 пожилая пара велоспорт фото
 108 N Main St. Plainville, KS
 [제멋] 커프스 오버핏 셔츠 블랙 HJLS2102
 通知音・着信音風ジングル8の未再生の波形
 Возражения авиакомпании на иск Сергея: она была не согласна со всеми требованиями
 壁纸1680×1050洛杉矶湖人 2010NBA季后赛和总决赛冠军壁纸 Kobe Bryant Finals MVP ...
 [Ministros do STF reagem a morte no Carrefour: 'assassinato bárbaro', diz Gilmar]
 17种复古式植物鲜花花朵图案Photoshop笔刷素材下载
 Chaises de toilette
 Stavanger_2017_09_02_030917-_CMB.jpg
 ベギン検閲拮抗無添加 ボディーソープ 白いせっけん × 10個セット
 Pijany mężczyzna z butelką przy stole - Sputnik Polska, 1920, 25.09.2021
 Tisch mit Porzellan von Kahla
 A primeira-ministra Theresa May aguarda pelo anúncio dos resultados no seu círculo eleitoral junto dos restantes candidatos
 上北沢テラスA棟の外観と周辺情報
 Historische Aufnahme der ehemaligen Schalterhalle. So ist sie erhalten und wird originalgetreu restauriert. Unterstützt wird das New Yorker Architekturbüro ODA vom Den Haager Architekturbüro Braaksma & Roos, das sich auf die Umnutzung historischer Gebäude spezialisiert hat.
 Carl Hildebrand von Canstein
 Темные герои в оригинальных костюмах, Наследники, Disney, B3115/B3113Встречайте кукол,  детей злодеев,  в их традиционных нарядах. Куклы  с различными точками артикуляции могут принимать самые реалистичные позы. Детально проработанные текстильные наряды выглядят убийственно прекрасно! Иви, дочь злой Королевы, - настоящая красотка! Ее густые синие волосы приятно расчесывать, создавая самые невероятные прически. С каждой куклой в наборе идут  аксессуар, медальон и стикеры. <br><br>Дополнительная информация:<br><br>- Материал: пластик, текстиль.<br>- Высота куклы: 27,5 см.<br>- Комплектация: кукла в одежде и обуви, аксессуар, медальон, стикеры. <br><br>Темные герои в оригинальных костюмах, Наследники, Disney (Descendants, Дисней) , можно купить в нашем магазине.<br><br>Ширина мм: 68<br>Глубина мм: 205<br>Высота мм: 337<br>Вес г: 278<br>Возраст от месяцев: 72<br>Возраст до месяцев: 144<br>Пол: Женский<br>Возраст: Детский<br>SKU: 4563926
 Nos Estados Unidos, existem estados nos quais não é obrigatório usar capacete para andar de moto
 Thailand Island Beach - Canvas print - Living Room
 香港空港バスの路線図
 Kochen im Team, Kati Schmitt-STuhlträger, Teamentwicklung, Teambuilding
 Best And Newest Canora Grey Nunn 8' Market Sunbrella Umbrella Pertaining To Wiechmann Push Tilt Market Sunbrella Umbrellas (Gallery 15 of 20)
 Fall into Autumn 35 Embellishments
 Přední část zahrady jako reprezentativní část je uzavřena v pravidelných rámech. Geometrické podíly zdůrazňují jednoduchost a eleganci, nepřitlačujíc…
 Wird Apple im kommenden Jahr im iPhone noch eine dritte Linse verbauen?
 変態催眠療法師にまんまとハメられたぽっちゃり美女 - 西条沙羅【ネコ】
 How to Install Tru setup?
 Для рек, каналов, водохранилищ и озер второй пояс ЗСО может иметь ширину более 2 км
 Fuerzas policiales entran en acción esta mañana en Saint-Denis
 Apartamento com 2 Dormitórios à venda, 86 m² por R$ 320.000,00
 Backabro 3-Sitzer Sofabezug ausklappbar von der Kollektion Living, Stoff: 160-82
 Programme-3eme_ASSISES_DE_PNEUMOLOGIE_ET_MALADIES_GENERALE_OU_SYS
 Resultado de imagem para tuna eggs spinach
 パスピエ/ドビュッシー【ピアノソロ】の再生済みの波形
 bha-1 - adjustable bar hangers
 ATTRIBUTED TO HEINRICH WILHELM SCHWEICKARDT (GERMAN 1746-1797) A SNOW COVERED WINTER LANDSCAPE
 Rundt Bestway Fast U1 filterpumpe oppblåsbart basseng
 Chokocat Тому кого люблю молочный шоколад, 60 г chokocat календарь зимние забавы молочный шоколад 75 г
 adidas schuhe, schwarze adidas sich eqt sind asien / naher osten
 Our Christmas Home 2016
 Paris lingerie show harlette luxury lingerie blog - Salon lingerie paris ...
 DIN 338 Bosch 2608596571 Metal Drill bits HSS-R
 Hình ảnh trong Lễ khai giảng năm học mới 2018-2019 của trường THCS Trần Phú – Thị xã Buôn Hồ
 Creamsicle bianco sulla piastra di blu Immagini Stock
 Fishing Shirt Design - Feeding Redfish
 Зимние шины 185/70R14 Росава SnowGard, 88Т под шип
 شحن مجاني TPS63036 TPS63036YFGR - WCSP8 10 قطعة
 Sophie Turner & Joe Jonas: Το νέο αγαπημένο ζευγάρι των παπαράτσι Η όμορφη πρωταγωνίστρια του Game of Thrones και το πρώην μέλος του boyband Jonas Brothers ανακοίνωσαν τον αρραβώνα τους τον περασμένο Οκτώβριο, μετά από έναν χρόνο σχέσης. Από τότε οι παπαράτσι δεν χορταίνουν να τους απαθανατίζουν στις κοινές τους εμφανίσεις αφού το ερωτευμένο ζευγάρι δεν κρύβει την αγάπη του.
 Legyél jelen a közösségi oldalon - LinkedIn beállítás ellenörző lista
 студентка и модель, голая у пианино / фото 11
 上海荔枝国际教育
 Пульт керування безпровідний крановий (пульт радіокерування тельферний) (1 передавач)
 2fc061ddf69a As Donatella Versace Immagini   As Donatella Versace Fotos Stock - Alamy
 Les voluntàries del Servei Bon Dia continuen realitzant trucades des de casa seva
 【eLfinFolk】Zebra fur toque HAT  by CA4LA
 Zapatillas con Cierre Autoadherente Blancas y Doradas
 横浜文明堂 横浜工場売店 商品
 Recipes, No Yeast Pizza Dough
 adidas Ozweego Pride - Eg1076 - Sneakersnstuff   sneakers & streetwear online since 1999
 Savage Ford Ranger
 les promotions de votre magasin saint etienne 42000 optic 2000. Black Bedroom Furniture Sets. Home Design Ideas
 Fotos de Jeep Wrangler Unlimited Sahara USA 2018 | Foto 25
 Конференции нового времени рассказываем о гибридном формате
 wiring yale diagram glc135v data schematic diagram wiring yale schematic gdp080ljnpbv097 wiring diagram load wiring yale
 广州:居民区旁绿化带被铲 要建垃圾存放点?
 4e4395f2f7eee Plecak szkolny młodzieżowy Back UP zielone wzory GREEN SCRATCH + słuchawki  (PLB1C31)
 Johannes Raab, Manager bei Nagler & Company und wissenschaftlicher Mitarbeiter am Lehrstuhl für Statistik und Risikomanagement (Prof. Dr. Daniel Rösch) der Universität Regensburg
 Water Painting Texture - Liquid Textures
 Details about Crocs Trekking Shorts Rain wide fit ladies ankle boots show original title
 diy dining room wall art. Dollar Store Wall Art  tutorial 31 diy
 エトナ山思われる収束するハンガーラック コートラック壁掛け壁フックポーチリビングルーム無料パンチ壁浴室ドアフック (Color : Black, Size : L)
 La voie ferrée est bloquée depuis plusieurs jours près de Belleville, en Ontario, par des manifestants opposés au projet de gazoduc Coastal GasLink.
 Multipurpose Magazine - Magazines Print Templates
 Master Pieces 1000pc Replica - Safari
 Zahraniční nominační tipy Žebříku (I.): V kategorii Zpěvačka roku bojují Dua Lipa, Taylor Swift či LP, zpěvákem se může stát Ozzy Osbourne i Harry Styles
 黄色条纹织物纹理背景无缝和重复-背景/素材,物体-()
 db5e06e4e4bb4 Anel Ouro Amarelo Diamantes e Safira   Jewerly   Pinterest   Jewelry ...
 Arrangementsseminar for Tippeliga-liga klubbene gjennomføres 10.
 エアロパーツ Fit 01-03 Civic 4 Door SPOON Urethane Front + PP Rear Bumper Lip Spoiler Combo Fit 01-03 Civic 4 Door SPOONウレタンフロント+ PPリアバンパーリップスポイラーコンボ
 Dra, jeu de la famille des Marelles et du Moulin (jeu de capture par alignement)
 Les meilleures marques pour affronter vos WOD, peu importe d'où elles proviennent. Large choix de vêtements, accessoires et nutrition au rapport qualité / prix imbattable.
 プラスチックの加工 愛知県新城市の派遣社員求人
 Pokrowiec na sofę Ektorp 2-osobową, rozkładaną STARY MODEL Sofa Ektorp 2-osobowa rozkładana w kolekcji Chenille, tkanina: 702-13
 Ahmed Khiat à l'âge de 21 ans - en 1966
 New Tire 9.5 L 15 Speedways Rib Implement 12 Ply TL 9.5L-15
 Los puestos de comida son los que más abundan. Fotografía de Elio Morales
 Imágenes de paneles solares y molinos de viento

## Exercise details
Return, line for line and unchanged, the data from its first line through the line containing "Carl Hildebrand von Canstein".

## Solution
 пожилая пара велоспорт фото
 108 N Main St. Plainville, KS
 [제멋] 커프스 오버핏 셔츠 블랙 HJLS2102
 通知音・着信音風ジングル8の未再生の波形
 Возражения авиакомпании на иск Сергея: она была не согласна со всеми требованиями
 壁纸1680×1050洛杉矶湖人 2010NBA季后赛和总决赛冠军壁纸 Kobe Bryant Finals MVP ...
 [Ministros do STF reagem a morte no Carrefour: 'assassinato bárbaro', diz Gilmar]
 17种复古式植物鲜花花朵图案Photoshop笔刷素材下载
 Chaises de toilette
 Stavanger_2017_09_02_030917-_CMB.jpg
 ベギン検閲拮抗無添加 ボディーソープ 白いせっけん × 10個セット
 Pijany mężczyzna z butelką przy stole - Sputnik Polska, 1920, 25.09.2021
 Tisch mit Porzellan von Kahla
 A primeira-ministra Theresa May aguarda pelo anúncio dos resultados no seu círculo eleitoral junto dos restantes candidatos
 上北沢テラスA棟の外観と周辺情報
 Historische Aufnahme der ehemaligen Schalterhalle. So ist sie erhalten und wird originalgetreu restauriert. Unterstützt wird das New Yorker Architekturbüro ODA vom Den Haager Architekturbüro Braaksma & Roos, das sich auf die Umnutzung historischer Gebäude spezialisiert hat.
 Carl Hildebrand von Canstein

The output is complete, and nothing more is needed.